The Real Reason You're Having Shoulder Pain

Shoulder pain might be one of the worst types of everyday aches your body can experience. The shoulder's proximity to your head and neck means that, even if you're able to keep it held still throughout the day, something as simple as a gentle cough or slouching could jar it and cause pain to shoot from your shoulder down to your arm.

Sometimes, shoulder pain isn't even shoulder pain at all but rather neck or bicep pain. According to Healthline, pain in your shoulder that is caused by another body part is known as "referred pain."

Referred pain can be differentiated from actual shoulder pain by moving your shoulder around. If the pain doesn't get worse, the pain is likely stemming from elsewhere. But what if your shoulder pain does get worse when you move your shoulder? What's causing it to hurt? It turns out that the answer isn't quite so straightforward.

Shoulder pain can be caused by many things

According to Healthline, many of the causes of shoulder pain are simple, such as a torn rotator cuff or cartilage, a pinched nerve, or soreness from overuse. Shoulder pain could also because of something more serious, such as arthritis, bone spurs, a broken bone, or even a spinal injury.
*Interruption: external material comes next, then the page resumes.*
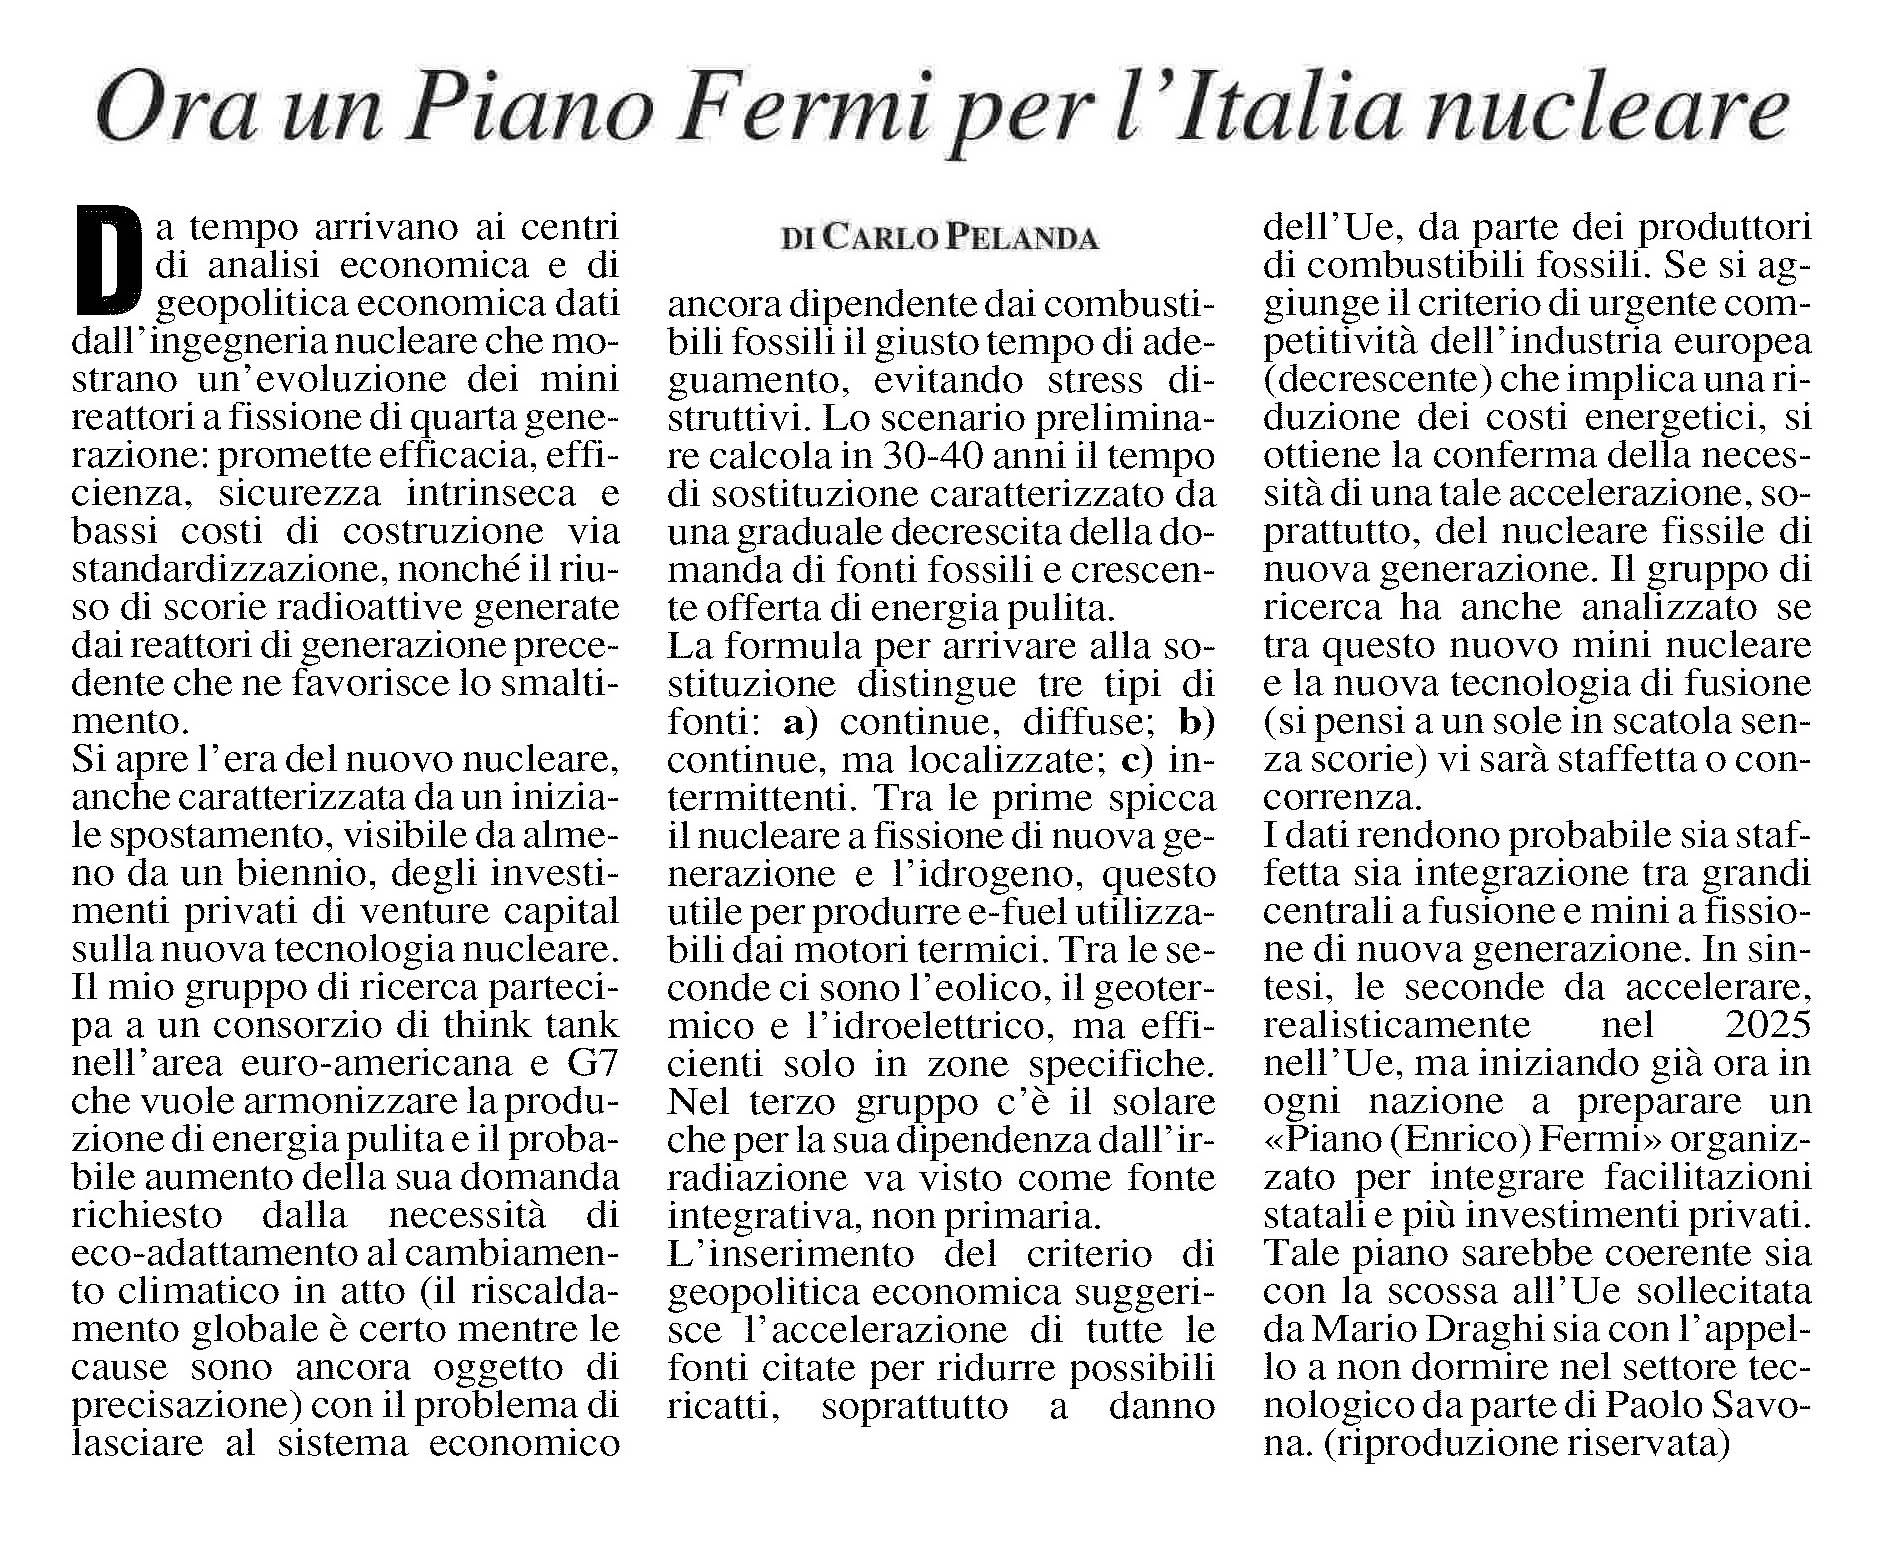 https://carlopelanda.com/articolicp/2024/MF-18-4-2024-Ora-un-Piano-Fermi-per-l-Italia-nucleare.pdf

In some cases, shoulder pain could even be a sign of a heart attack. According to Honor Health, shoulder pain during a heart attack for men will typically travel from the left shoulder to the chin or down the arm. In women, however, the pain may not be as noticeable and could be found in the left or right arm, crossing to other parts of the body including the upper back and chin. Shoulder pain caused by a heart attack will likely be accompanied by other symptoms including shortness of breath, fatigue, flu-like symptoms, anxiety, and intermittent pain.

If you think you might be having a heart attack, you should call 911 immediately. If, however, your shoulder pain seems to have a different cause, WebMD says you can try resting it, elevating it above the heart, and applying ice for a few days. If the pain is especially severe, or if it doesn't improve, consult your doctor.